Un choque interno eclipsa el amistoso del FC Lugano ante Viktoria Plzen
Lo que debía ser un simple ensayo de pretemporada para el FC Lugano terminó desbordándose, tras un episodio interno que obligó al club a dar explicaciones públicas.
Un amistoso que se salió del guion
Los partidos de preparación suelen servir para ajustar detalles y consolidar dinámicas. Eso era lo que buscaba el FC Lugano, de la Superliga Suiza, en su amistoso frente al Viktoria Plzen, pero el encuentro terminó lejos de cumplir ese objetivo.
Más allá de la derrota por 4-2, un incidente interno acaparó la atención después de que un video difundido en redes sociales mostrara una agresión directa entre dos jugadores del propio equipo.
La acción que encendió la polémica
El momento se produjo al minuto 72, cuando Lugano presionaba en campo rival. Giorgos Koutsias fue al duelo intentando recuperar el balón y sostener la presión alta.
De forma totalmente inesperada, Kevin Behrens, delantero de 34 años, llegó desde el centro del campo y empujó con violencia a su propio compañero, derribándolo de manera aparatosa ante la sorpresa generalizada.
El origen del conflicto
Tras la acción, Behrens se dirigió a Koutsias con gritos captados por las cámaras, en una escena que rápidamente se viralizó.

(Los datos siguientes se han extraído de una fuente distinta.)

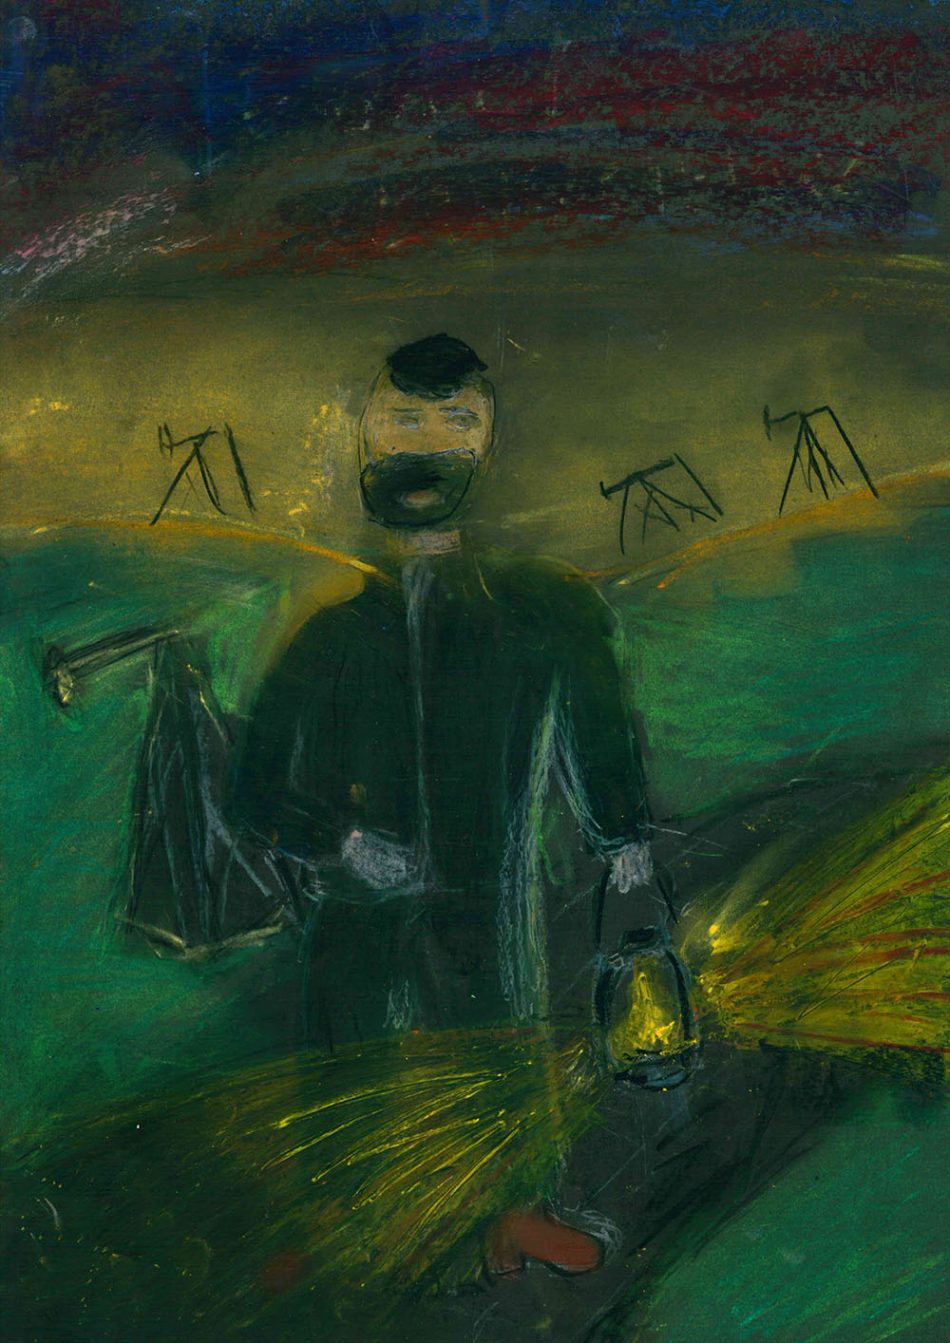 Rysunek namalowany pastelami przez 12-letniego chłopca. Przedstawia mężczyznę z brodą niosącego lampę naftową, rozświetlającą wieczór. W tle kiwony i wzgórza.

De acuerdo con reportes de la prensa local, el altercado se habría originado por una diferencia de criterio sobre cómo ejecutar la presión, una discusión táctica que escaló de forma desmedida dentro del terreno de juego.

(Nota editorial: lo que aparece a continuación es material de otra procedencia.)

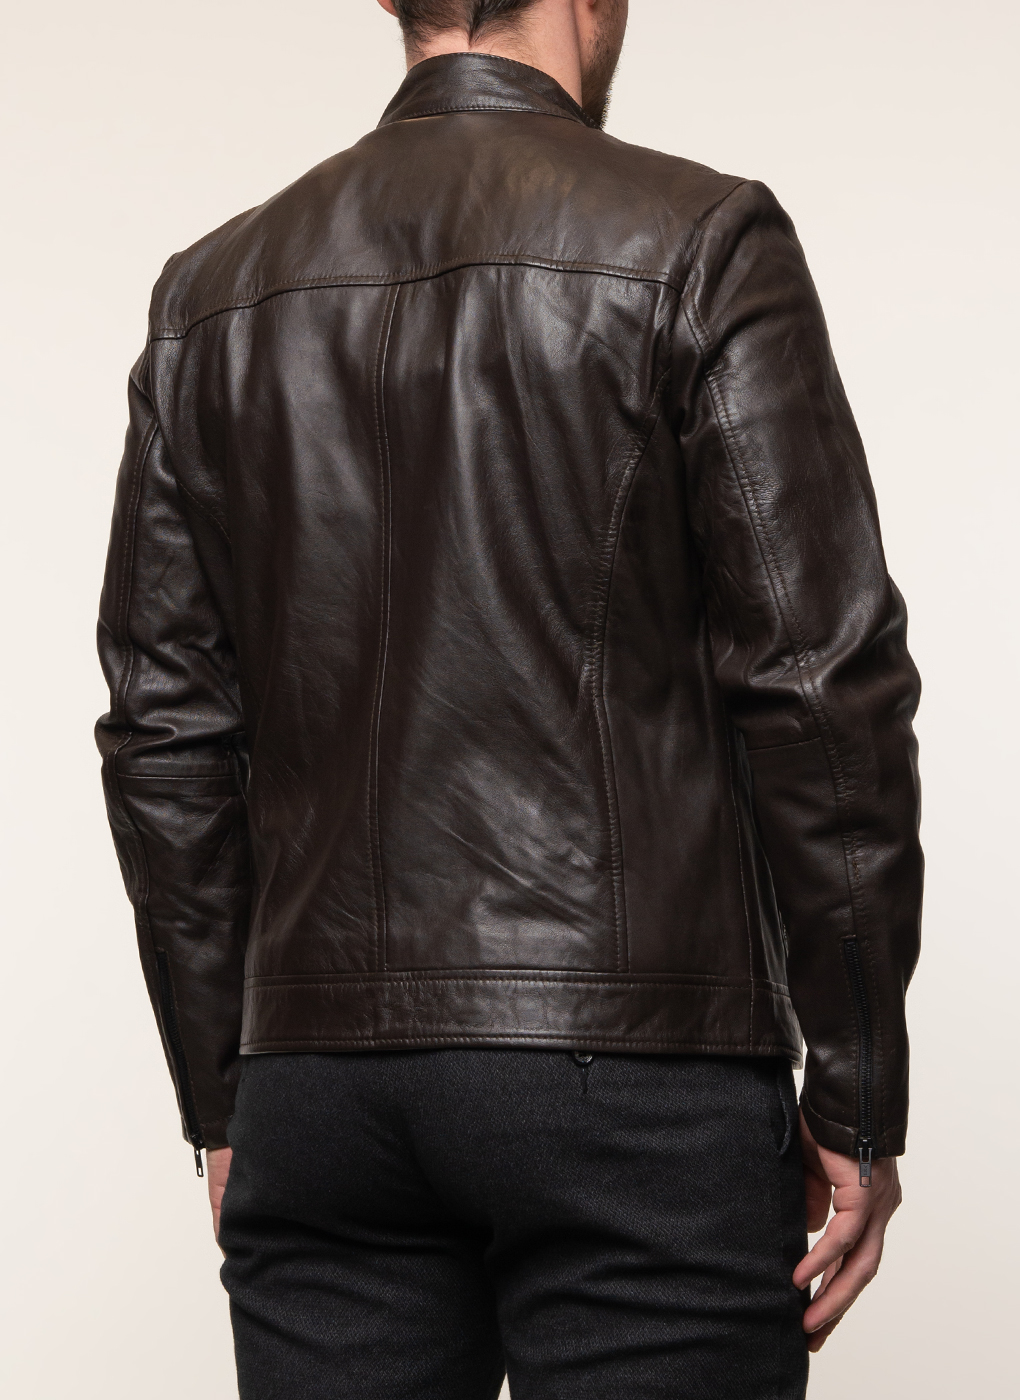 Кожаная куртка мужская Каляев 1579984 коричневая 58 RU

La reacción oficial del FC Lugano
El partido, disputado en un formato poco habitual de tres tiempos de 45 minutos, terminó 4-2 a favor del Viktoria Plzen, con goles de Kevin Behrens y Claudio Cassano para el conjunto suizo. El marcador, sin embargo, quedó en segundo plano.
Horas más tarde, el FC Lugano publicó un comunicado oficial en su sitio web en el que condenó “firmemente el vergonzoso incidente” protagonizado por Behrens y Giorgos Koutsias.
¿Habrá sanciones?
En el mismo comunicado, el club dejó claro que el caso será tratado puertas adentro.

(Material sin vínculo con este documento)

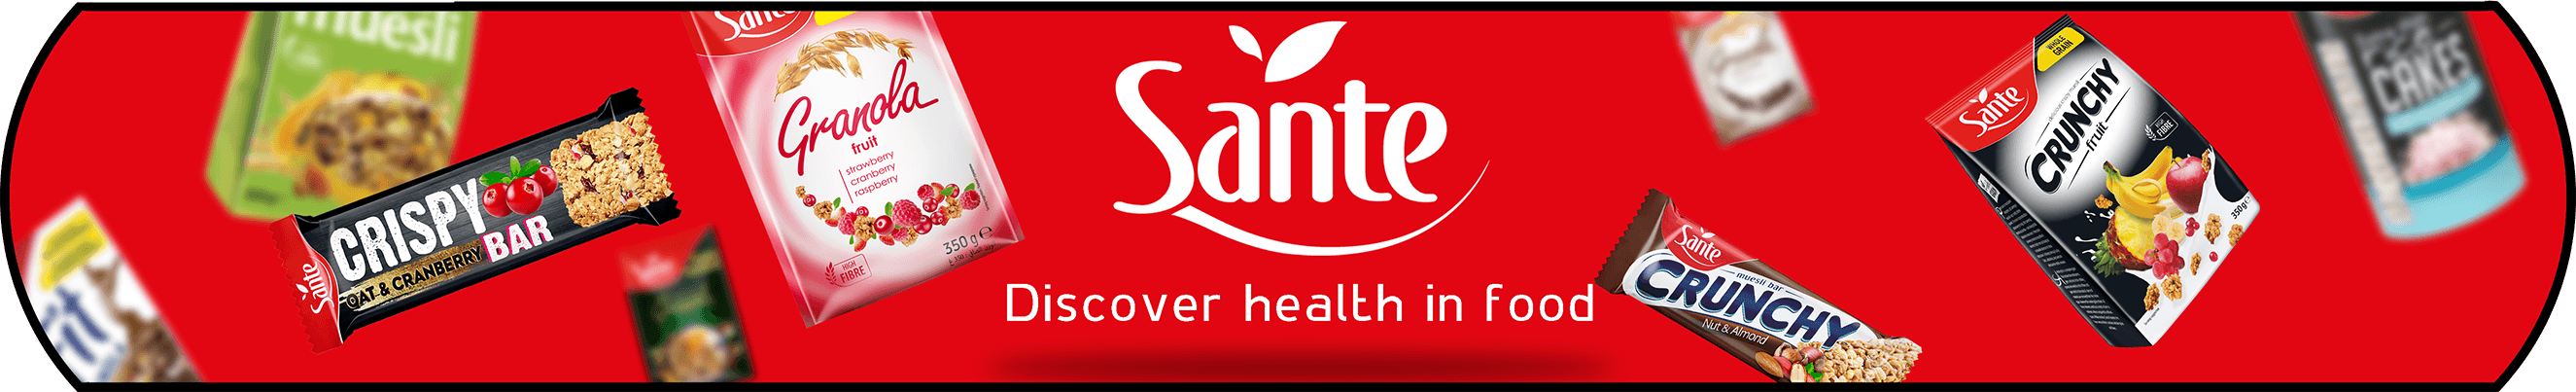 Sante Light Snacks Banner

“La situación se gestionará y resolverá internamente, y el club evaluará las medidas disciplinarias que se adoptarán contra los dos jugadores implicados”, señaló la institución.
Por ahora no se han anunciado sanciones concretas, aunque el episodio dejó una imagen incómoda en plena fase de preparación.
Una distracción inesperada
Lo que debía ser un partido de rodaje terminó convertido en un asunto disciplinario. Para el FC Lugano, recuperar la calma y reforzar la cohesión del grupo será tan importante como el trabajo táctico rumbo al inicio de la temporada.